Genome-wide association study on coronary artery disease in type 1 diabetes suggests beta-defensin 127 as a risk locus

Diabetes is a common disease affecting 422 million people worldwide – half a million in Finland – and the incidence is steadily rising. Type 1 diabetes (T1D) is an autoimmune form of insulin deficiency, mainly diagnosed in childhood or young adults. Despite insulin and other diabetes treatments, the elevated blood glucose levels damage blood vessels leading to microvascular complications affecting for instance the kidneys, and to macrovascular complications including coronary artery disease (CAD) – a severe complication that may lead to death. In fact, it has been estimated that the risk of CAD is 10 times higher in individuals with T1D compared to those without, and there is accumulating evidence that the pathogenesis of CAD differs in T1D. CAD is not only caused by poor life-style habits: The heritability of CAD has been estimated roughly 40% in the general population, and to date, 163 genomic regions has been associated with CAD, of which one even led to a new medicine (PCSK9 inhibitors). Despite the need, the genetic background of CAD has not been extensively studied in T1D.

The Finnish Diabetic Nephropathy (FinnDiane) study is a nationwide study aiming to identify clinical, biochemical, environmental and genetic risk factors for diabetic complications among participants with T1D. We performed a genome-wide association study for CAD in 4869 Finnish individuals with T1D of whom 941 had experienced a CAD event. A genome-wide association study explores millions of genetic markers for each participant to scan the entire human genome for potential genetic regions and genes associated with the studied disease.

Proportion of participants without CAD (survival probability) according to number of risk-increasing variants they carry (0, 1, 2): A. CDKN2B-AS1, B. DEFB127.

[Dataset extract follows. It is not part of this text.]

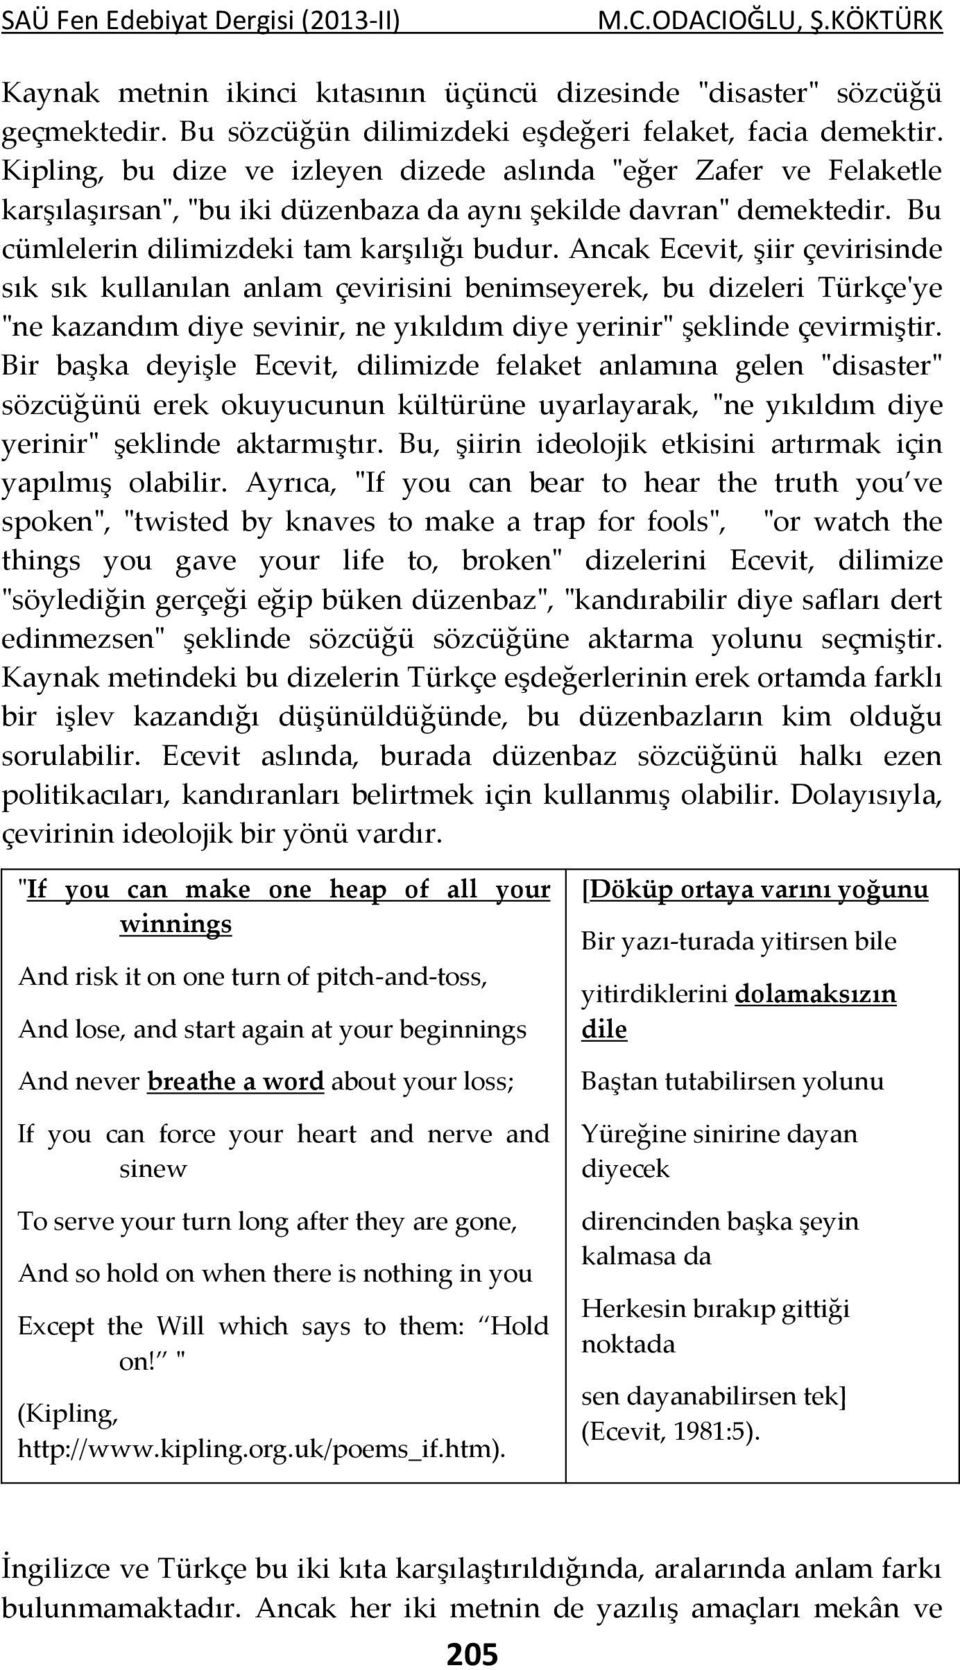 Ancak Ecevit, şiir çevirisinde sık sık kullanılan anlam çevirisini benimseyerek, bu dizeleri Türkçe'ye "ne kazandım diye sevinir, ne yıkıldım diye yerinir" şeklinde çevirmiştir.

We discovered for the first time the well-known genomic risk-region, CDKN2B-AS1,robustly associated with CAD also in individuals with T1D. Risk-increasing variants on CDKN2B-AS1 are known to cause many diseases such as cancer, diabetes, and CAD – now also CAD in T1D. In addition, we found a completely novel genomic region near DEFB127, a gene coding for β-defensin 127, although still needing an external validation. β-defensins are antimicrobial proteins, which help our bodies fight against bacterial infections and specific types of viruses. Importantly, infection susceptibility has previously been linked to CAD in people with T1D. We also discovered three putative genomic regions, which we linked to specific cardiovascular measures; central blood pressure (B3GNT2), intima media thickness (CNTNAP5), and serum leucocyte levels (GRAMD2B).

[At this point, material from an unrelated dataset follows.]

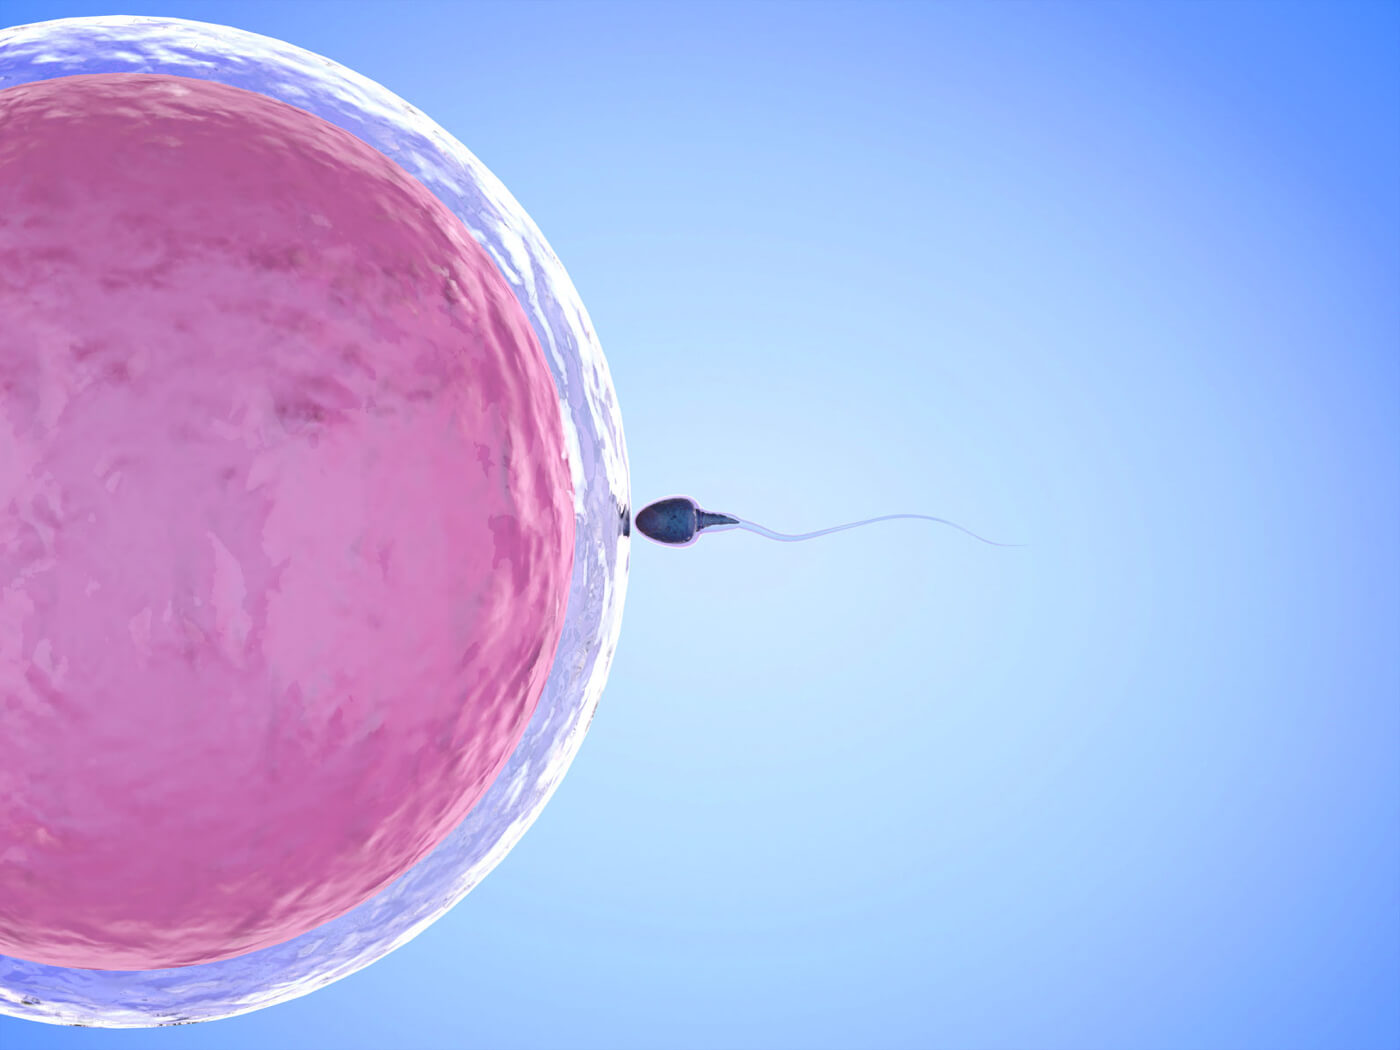 Влияние комплекса Cперотон на функциональные характеристики сперматозоидов у мужчин с идиопатической патозооспермией

Another important aspect in genome-wide studies is the predictive power hidden in our genomes for the diseases we are likely to develop. We calculated a genetic risk score with the known genomic CAD risk-regions and demonstrated an association with CAD also in T1D. Genetic risk scores could be used in the clinics for identifying high-risk patients before they develop symptoms in order to introduce them preventative treatments.

We have extensively researched CAD genetics in T1D. Our findings suggest many novel genomic regions including a region near β-defensin 127 that provides a link between diabetes, infection susceptibility, and CAD.

Original article:

Genome-wide association study on coronary artery disease in type 1 diabetes suggests beta-defensin 127 as a risk locus. Antikainen AAV, Sandholm N, Trégouët DA, Charmet R, McKnight AJ, Ahluwalia TS, Syreeni A, Valo E, Forsblom C, Gordin D, Harjutsalo V, Hadjadj S, Maxwell AP, Rossing P, Groop PH. Cardiovasc Res. 2021 Jan 21;117(2):600-612. doi: 10.1093/cvr/cvaa045. PMID: 32077919 Free PMC article.